Sanders and many people on the left suggest that working inside the Democratic Party is more "realistic" than fighting it from the outside. Yet social and political movements in the 1890s, 1930s, 1960s and 1980s were defeated time and again when they followed precisely this strategy.
And those efforts were not without consequences. Energy sunk into an internal battle inside the Democratic Party is energy than cannot be marshaled to build a political alternative to it.
THIS BRINGS us to what I would call the "strong options" for winning a political revolution. If socialism can't come about through the Democratic Party, one of American capitalism's core civil and state institutions, as I have argued here, then we must find another route. There is much more to say about that route than I can fit in this space, but here are some starting points.
Instead of becoming bogged down inside the Democratic Party, we must build up social movements, from Black Lives Matter to immigrants rights, alongside fights to challenge sexism and homophobia, oppose U.S. military intervention abroad and save the planet. The recent strikes by Verizon workers and Chicago teachers show it is possible to rebuild our unions.

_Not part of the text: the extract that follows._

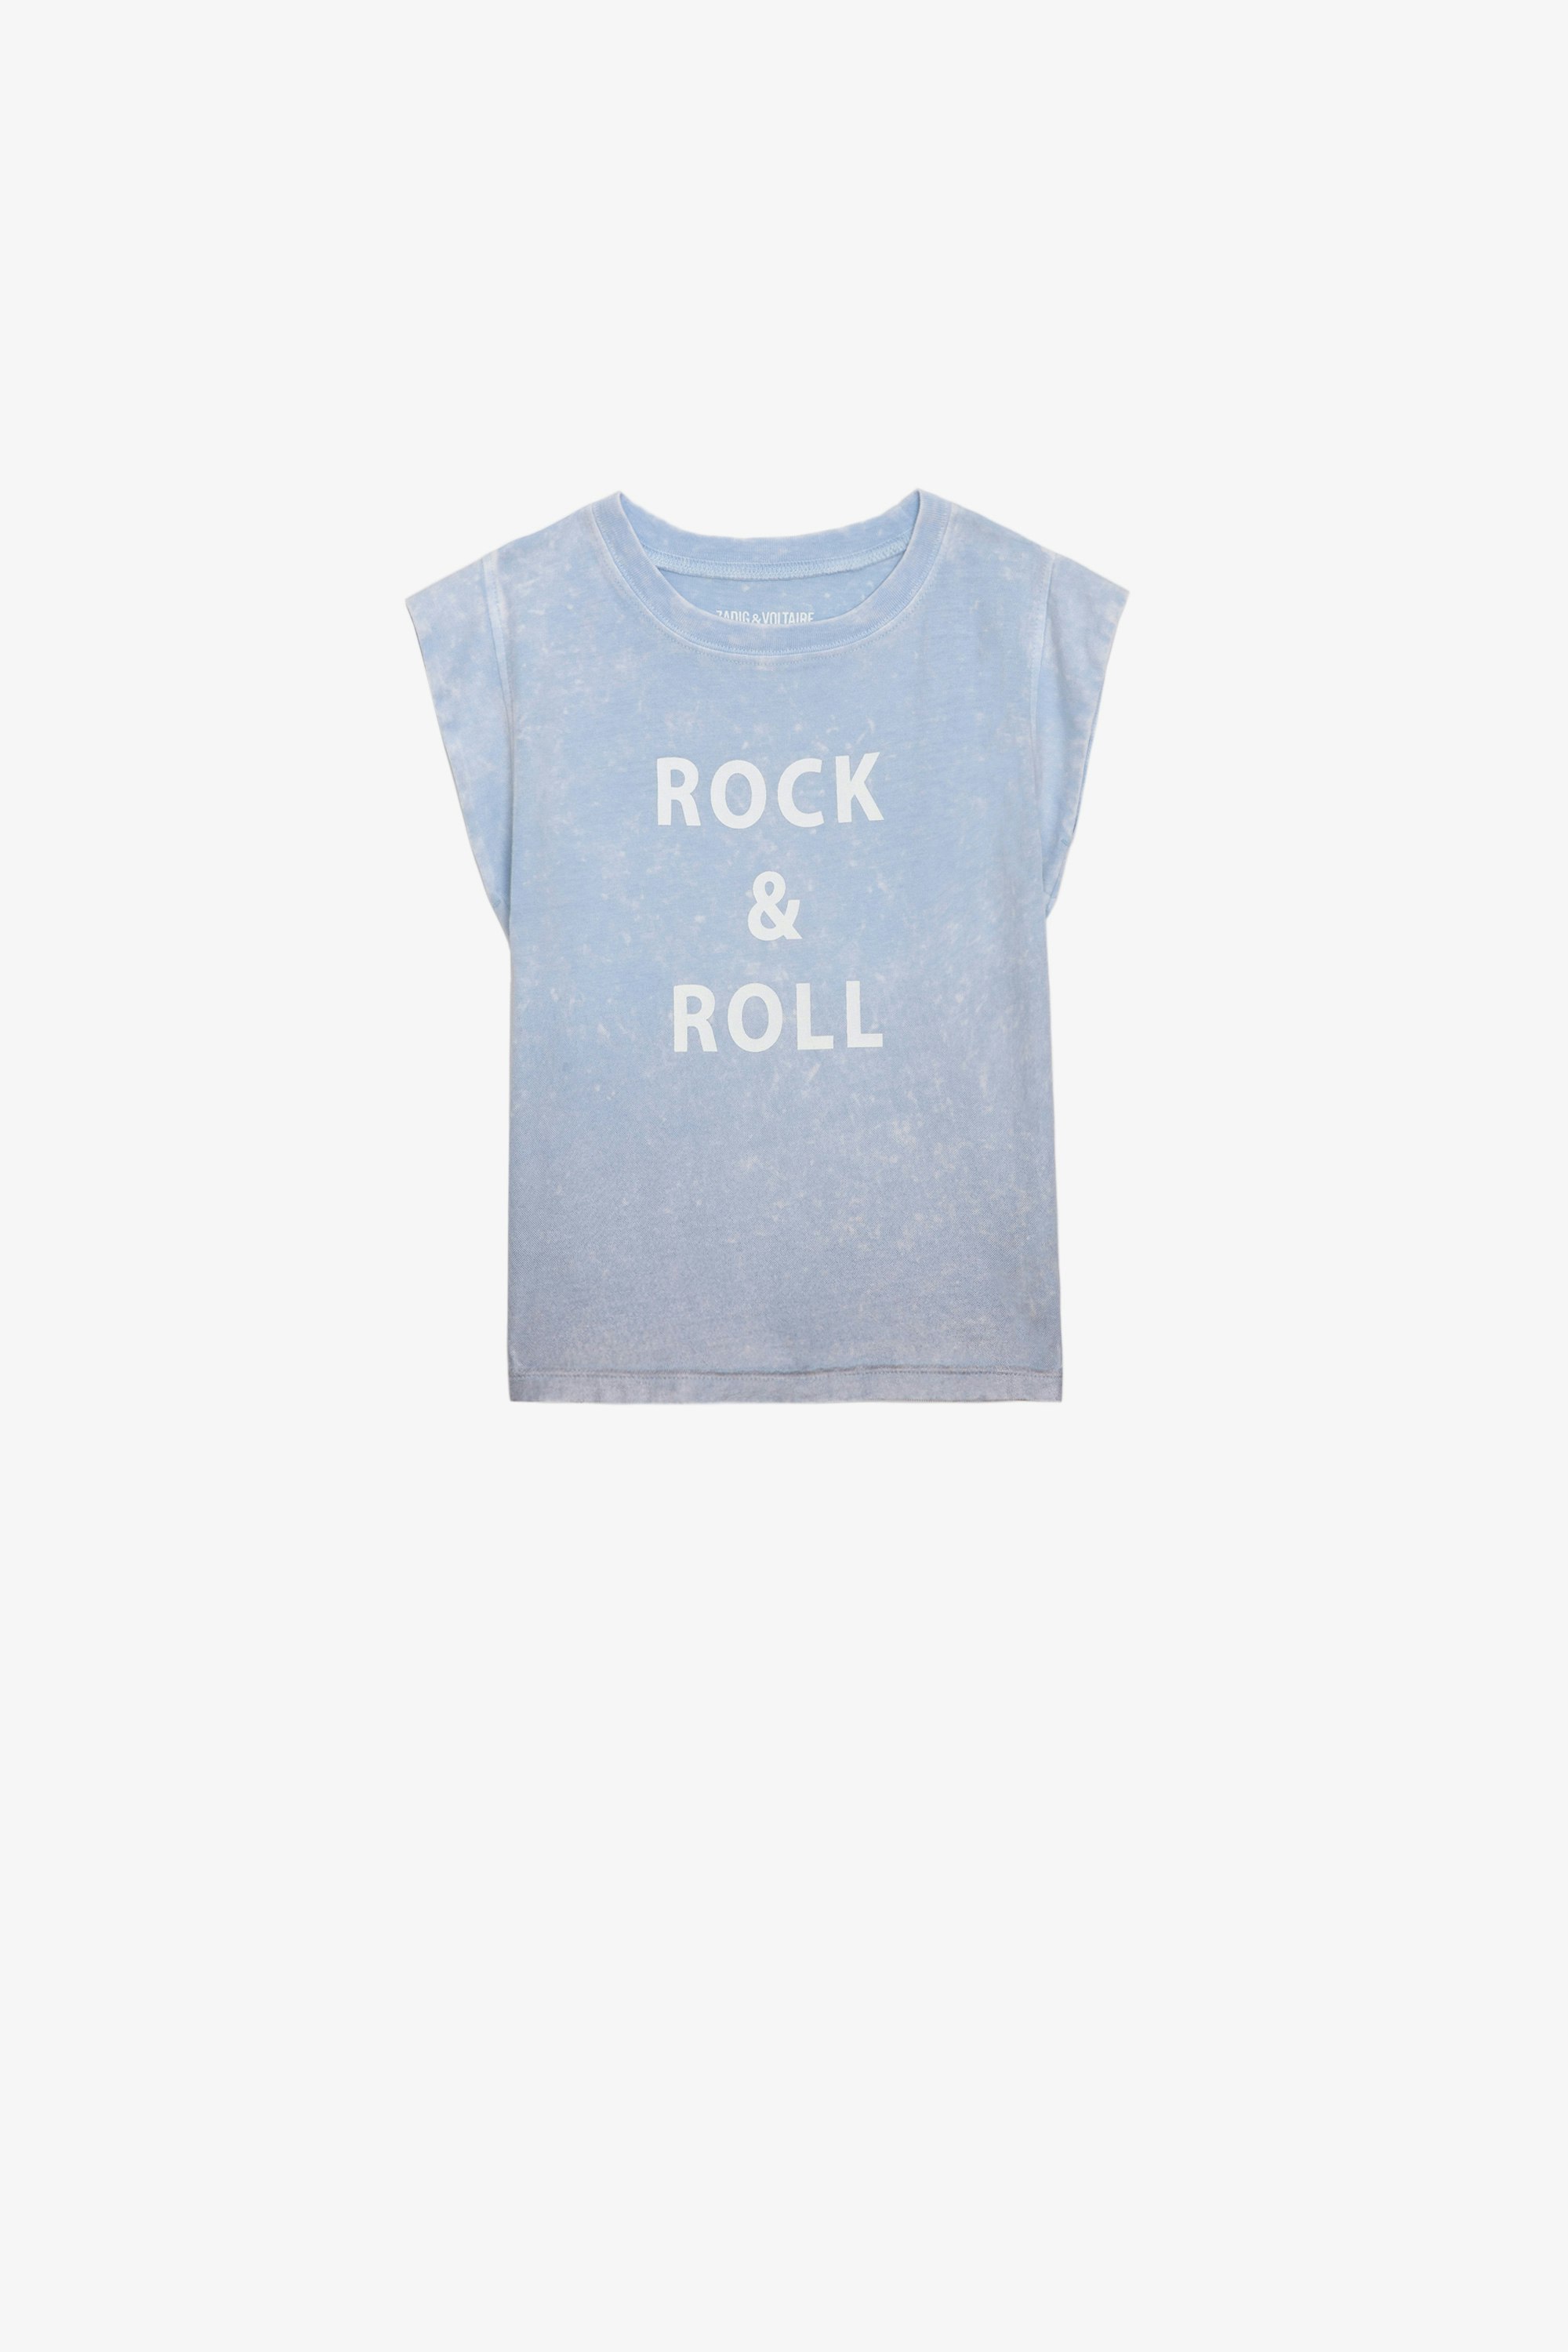 Alin Girls’ T-shirt - Girls’ short-sleeved T-shirt with “Rock & Roll” slogan.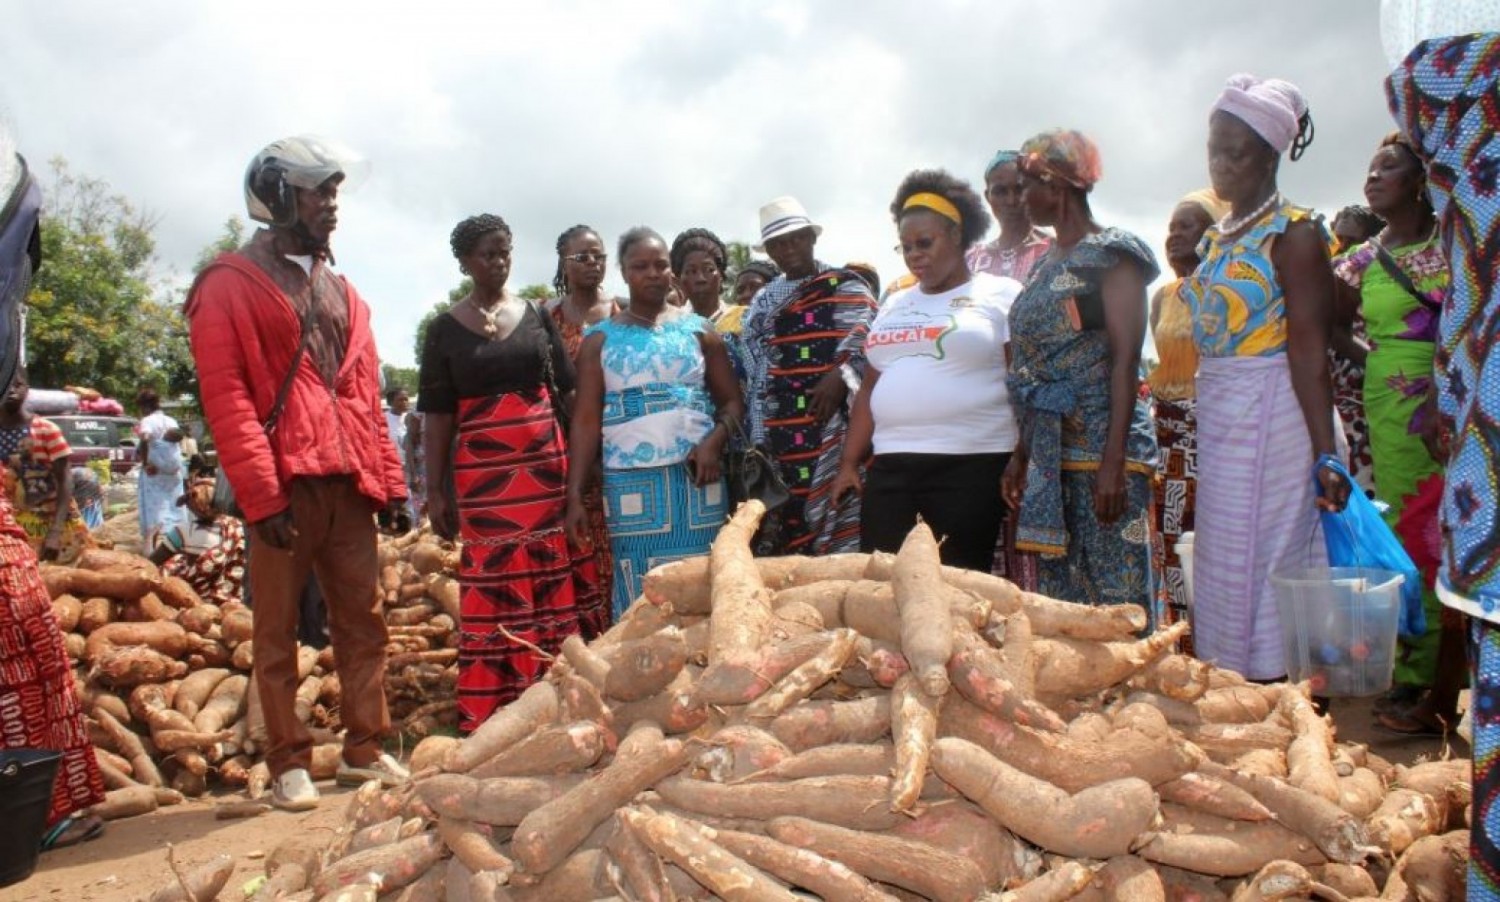 Côte d'Ivoire:   Diabo, une fédération de sociétés coopératives agricoles sollicitent le ministère du Commerce pour la construction d'un marché pour évacuer les produits vers les grandes villes

Simultaneously, we have to find ways to defend these movements from the compromises demanded in the name of "respectability" by the Democratic Party--including by taking steps to construct a working-class political party or parties. We can win reforms, but they must be based on our own power, not on backroom quid pro quo deals with politicians.
Misplaced faith in the Democratic Party produces cynicism more often than radicalization. So long as the left is willing to subordinate itself to the institutions of capital, its influence will always be based on the economic premises that spontaneously reproduce its own impotence.
This strong option would face many obstacles, of course. But then again, "the Bern" itself shows that millions of people seem to be pushing up against the limits of mainstream politics.
Unfortunately, the most likely similarity with my imagined Inauguration Day is the 72 degree temperature brought on by global warming. The reality will be that President Clinton's or Trump's administration will put all of us who want to fight for a better world--and the ideas we adopt to do so--to the test.